**PROVIDED MATERIAL**:
================
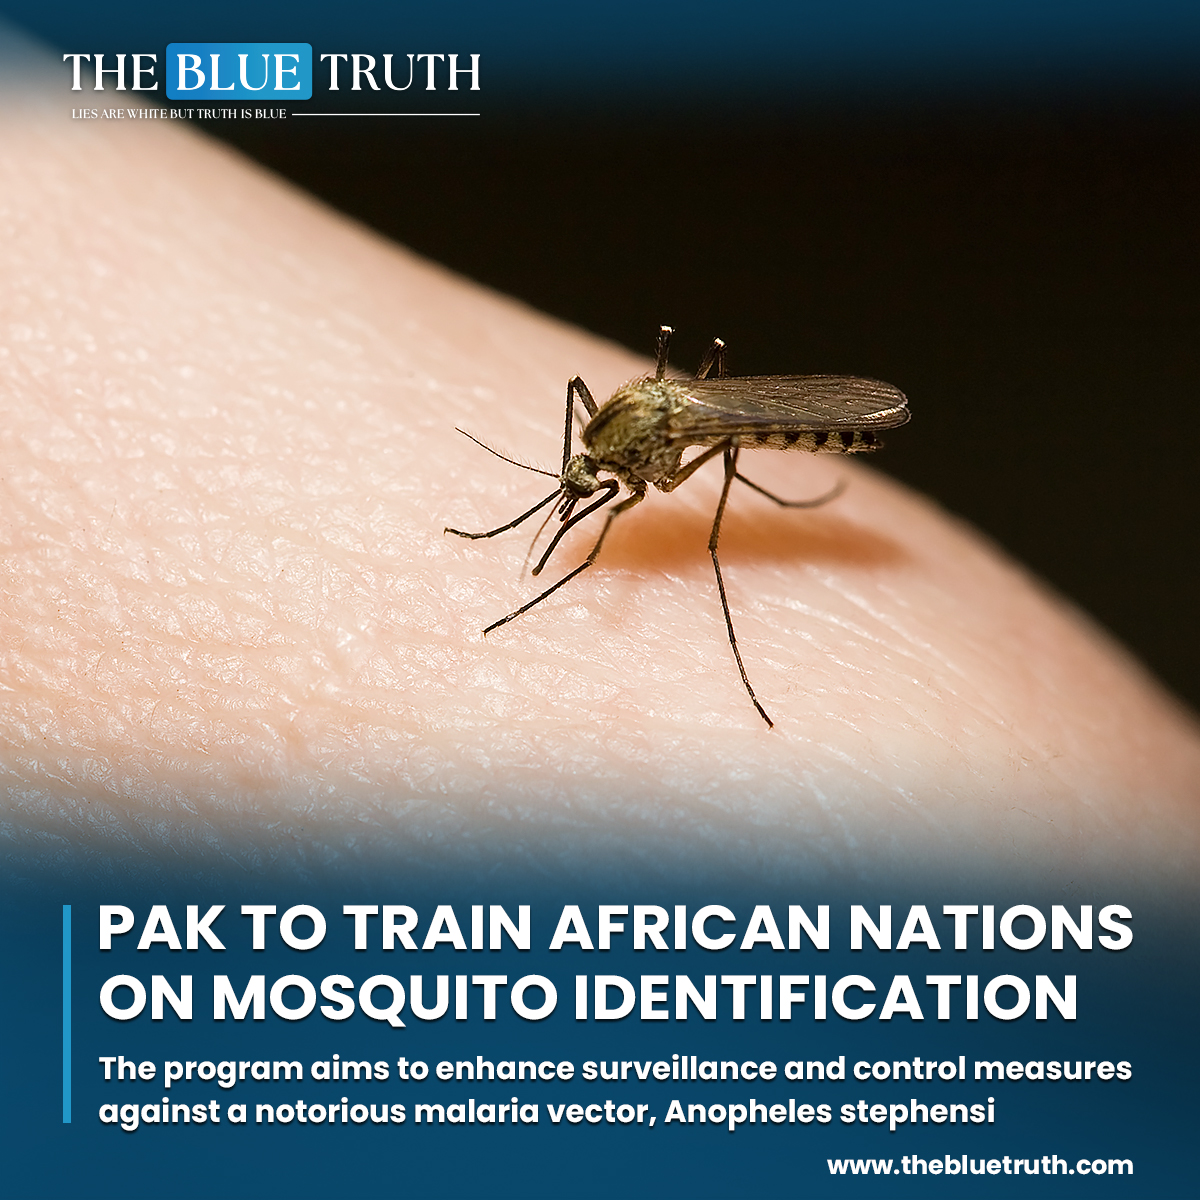 Pakistan has been chosen to spearhead the International Exchange Programme aimed at tackling the spread of Anopheles stephensi

#PakistanLeadership #InternationalExchange #MalariaControl
#AnophelesStephensi #MalariaVector #PublicHealth #GlobalHealthInitiative #tbt #thebluetruth
================
Return the listing above word for word. Keep the images out.

**WRITTEN REPLY**:
 Pakistan has been chosen to spearhead the International Exchange Programme aimed at tackling the spread of Anopheles stephensi

#PakistanLeadership #InternationalExchange #MalariaControl
#AnophelesStephensi #MalariaVector #PublicHealth #GlobalHealthInitiative #tbt #thebluetruth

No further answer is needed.